— Диана сказала, что у тебя гости, — произнесла она наконец. К ней вернулся старый александрийский акцент, а тон ее стал еще более высокомерным, чем обычно. Она изучала моих посетителей так пристально, что Тригонион нервно опустил глаза, а Дион, наконец обративший на нее внимание, заморгал и заслонился рукой, словно глядел на солнце.
— Что-нибудь не так? — спросил я, втихомолку гримасничая обращенной к ней половиной лица. Я подумал, что это заставит ее улыбнуться. Но я ошибался.
— Полагаю, вы хотите что-нибудь съесть? — сказала она бесцветным голосом. То, как она поджала при этом губы, окончательно испортило бы внешность менее красивой женщины.
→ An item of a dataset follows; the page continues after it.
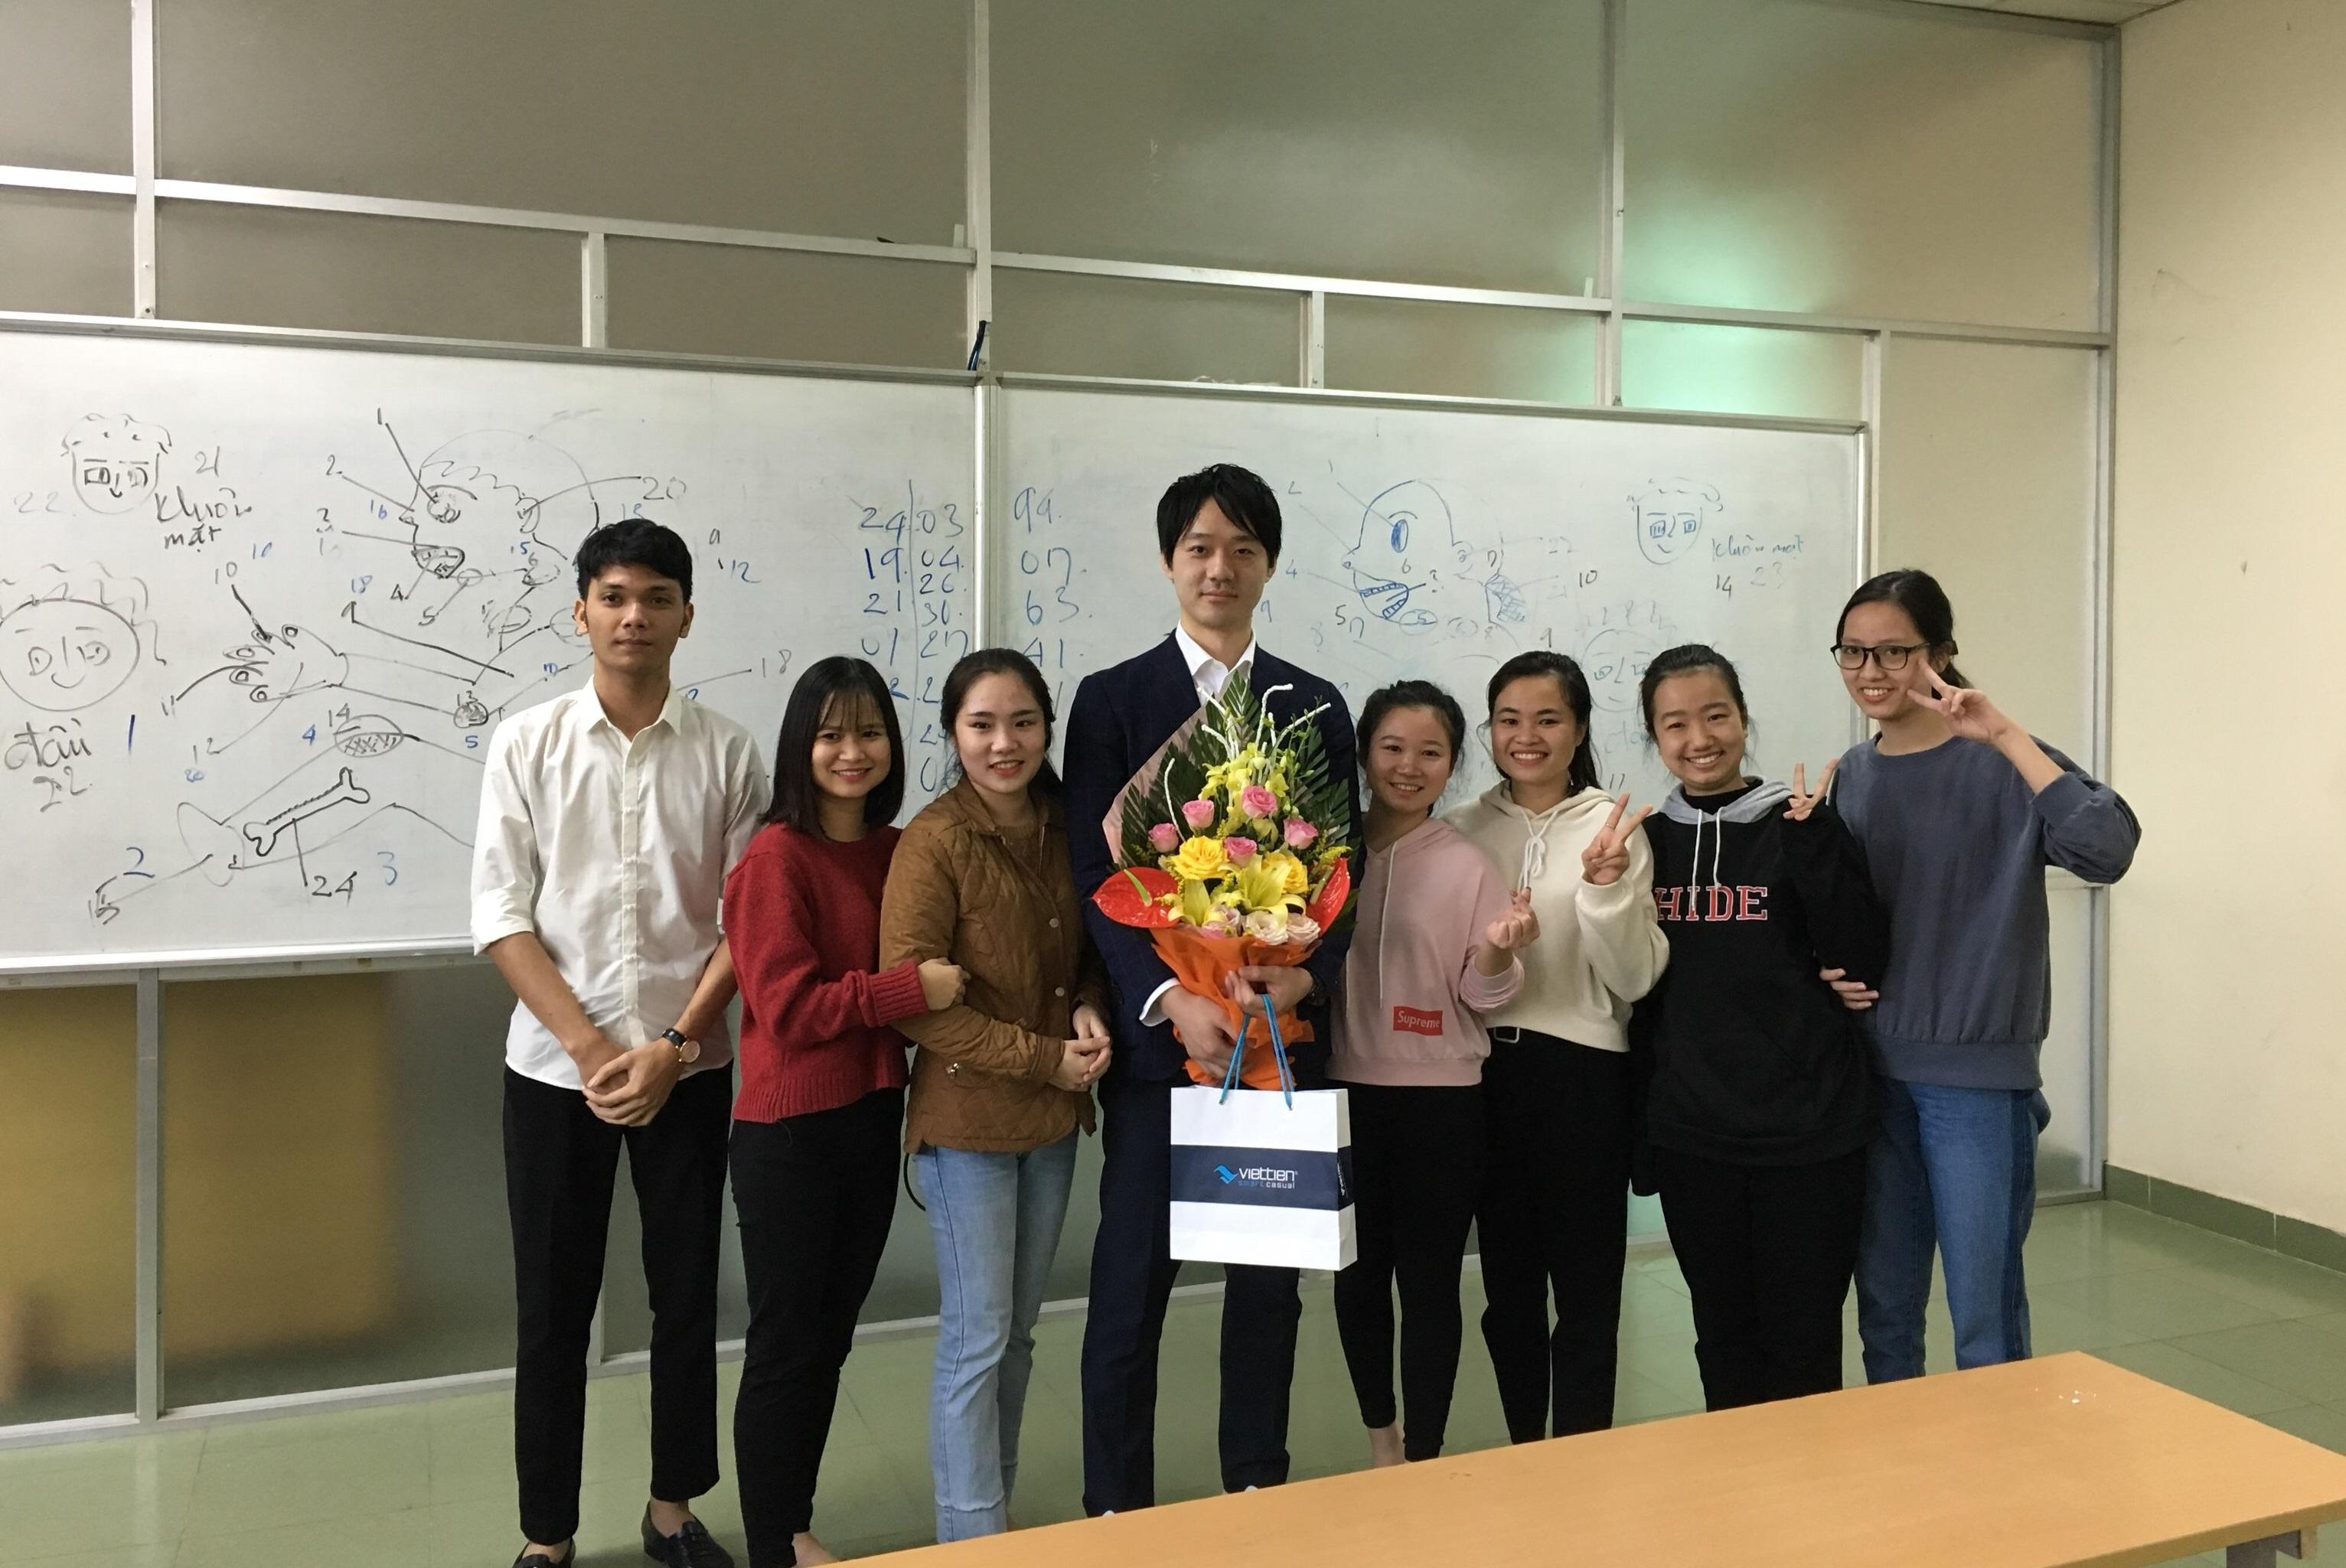 ベトナムのヴィン工業大学での日本語教育

«Ах, вот в чем дело, — подумал я, — просто она появилась в дверях раньше, чем я заметил, и слышала мое осторожное подтверждение ее кулинарных навыков». Но даже в этом случае поднятой брови хватило бы, чтобы выказать мне свое неудовольствие. Возможно, дело в том, что сегодня мне предстояло упаковать вещи для завтрашнего путешествия и я оставил всю работу ей, пока сам развлекаюсь с гостями в своем кабинете — особенно с такими сомнительными гостями. Я посмотрел свежим взглядом на Диона в его измятой столе и оплывшем гриме и на Тригониона, игравшего своими белокурыми прядями и нервно перебиравшего складки тоги под суровым взглядом Вифании, и понял, какими они должны казаться ей. Вифании давно пришлось смириться с тем, что через наш дом прошла целая вереница лиц самой странной репутации, но она никогда не скрывала своего отвращения к тем, кто не внушал ей симпатии. Очевидно, она очень низкого мнения о египетском после и его спутнике.
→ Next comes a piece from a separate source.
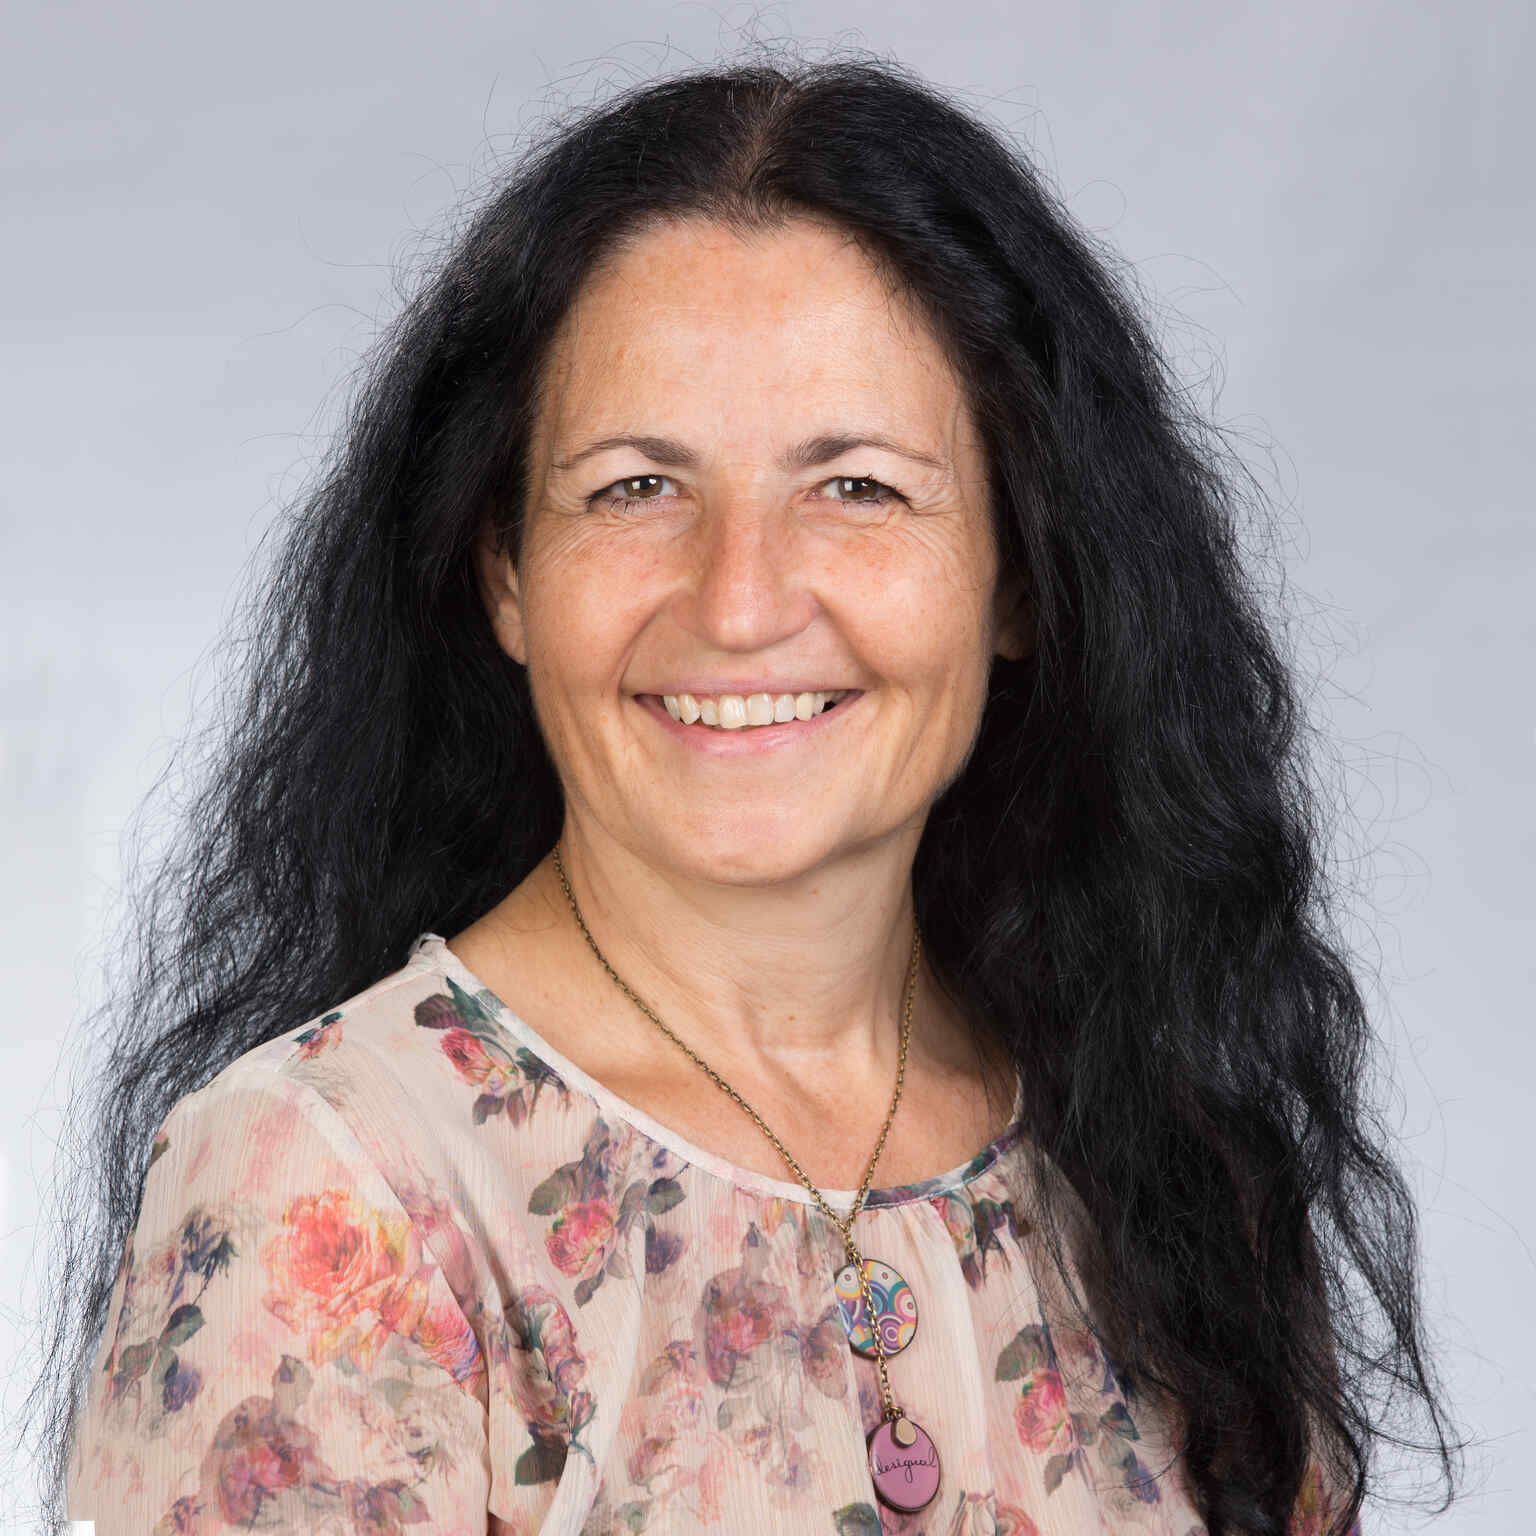 Fr. Prok. Eva Lachner MBA

— Что-нибудь съесть — да, пожалуй, — сказал я, повысив голос, чтобы привлечь к себе внимание моих посетителей, потому что оба они, казалось, были зачарованы завораживающим взглядом Вифании. — Как ты на это смотришь, Тригонион?
Маленький галл моргнул и сумел заставить себя кивнуть головой.
— И для тебя тоже, учитель, — я настаиваю! Я не позволю тебе покинуть мой дом, предварительно не подкрепившись.
Дион с усталым и смущенным видом склонил голову, дрожа от волнения и, вне всяких сомнений, от голода. Он пробормотал что-то про себя, затем наконец поднял голову и кивнул.
— Да — александрийские блюда, ты сказал?
— Что мы предложим нашим гостям? Вифания, ты меня слышишь?
Она, казалось, очнулась от своих грез и прочистила горло.
— Я могла бы приготовить лепешки по-египетски… и что-нибудь из чечевицы и колбасы…
— О да, это было бы превосходно, — сказал Дион, глядя на нее со странным выражением лица. Пусть он был философом, но голод и тошнота могут подавить разум любого человека.
Внезапно рядом с Вифанией возникла Диана. Дион, казалось, смутился еще больше, переводя взгляд с матери на дочь. Они были пугающе похожи.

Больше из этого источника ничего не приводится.